Popularly known as the Borscht Belt, the Jewish Alps, or the Sour Cream Sierras, this hilly scenic area about 90 miles northwest of New York City was, for decades, the summer vacation destination for Jewish families from the New York area and the northeast. For about 40 years, from around 1930 to 1970, the area blossomed with hotels large and small, and bungalow colonies that welcomed families for a week, two weeks, and even the entire summer.

The larger, more famous hotels, such as Grossinger’s, Kutschers, the Nevele, and the Concord entertained their guests with staged shows in their nightclubs on the weekends featuring singers and standup comedians. Many of them launched their careers in the area and became famous. Phil Silvers, Sid Caesar, Red Buttons, Jackie Mason, Joan Rivers…the list goes on.
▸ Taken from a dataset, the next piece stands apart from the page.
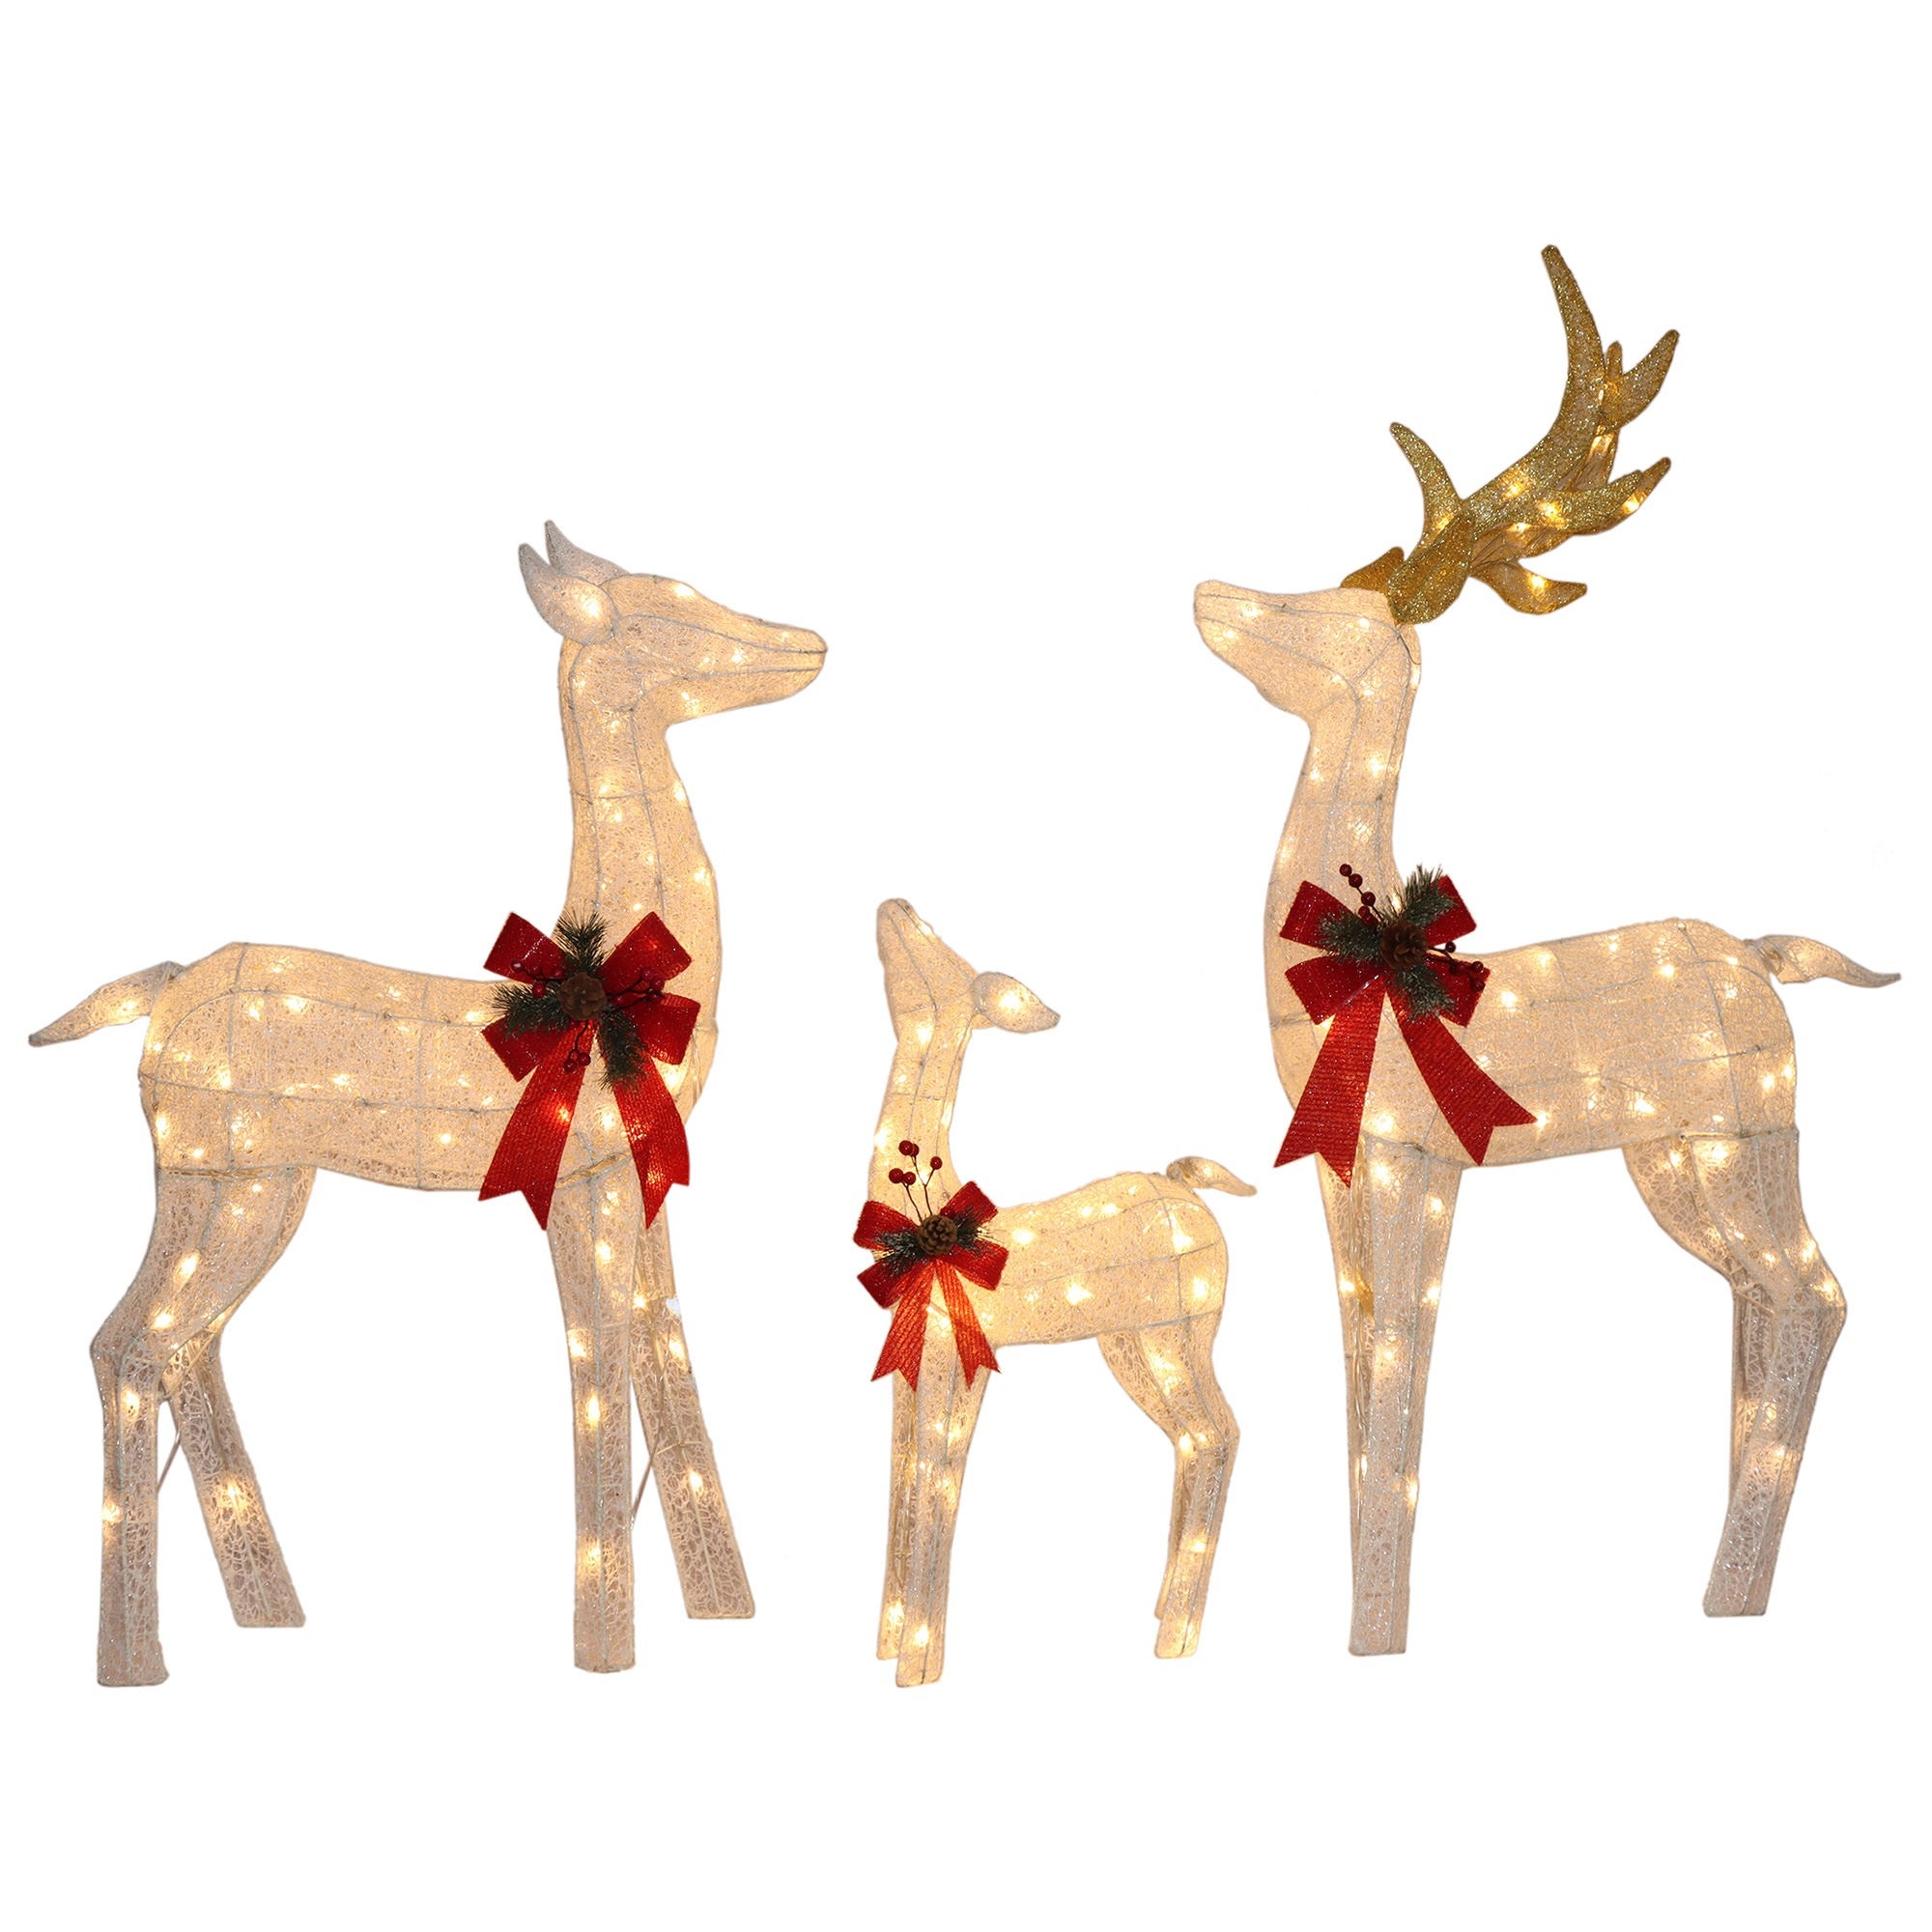 Norjav 3 Piece LED Light Up Outdoor Mesh Christmas Reindeer Family Figurine Set, White

He Lost it in the Catskills offers you a rare glimpse into the life behind the scenes at a typical hotel. The Rubel’s Mansion portrayed in the novel was an actual hotel owned by Jerry’s mother’s family in the late 1930s and early 1940s. 


The Rubel family consisted of Joseph and Rose Rubel and their ten children, who came to the US from eastern Europe during and after World War I. Jerry’s mother Rose was the youngest. Her parents prospered as grocery merchants in their new country and bought the hotel in the early 1930s as a hedge against the Great Depression. When they sold it to the Gilbert family in 1942, they kept a piece of the property and built a 4-bedroom bungalow as a family summer retreat. Jerry spent every summer of his life at the bungalow, and when he was 15 and old enough to work, he got his first busboy job at a local hotel. To earn money for college, he worked in the area every summer for over 10 years, coming of age in a very unique and memorable way.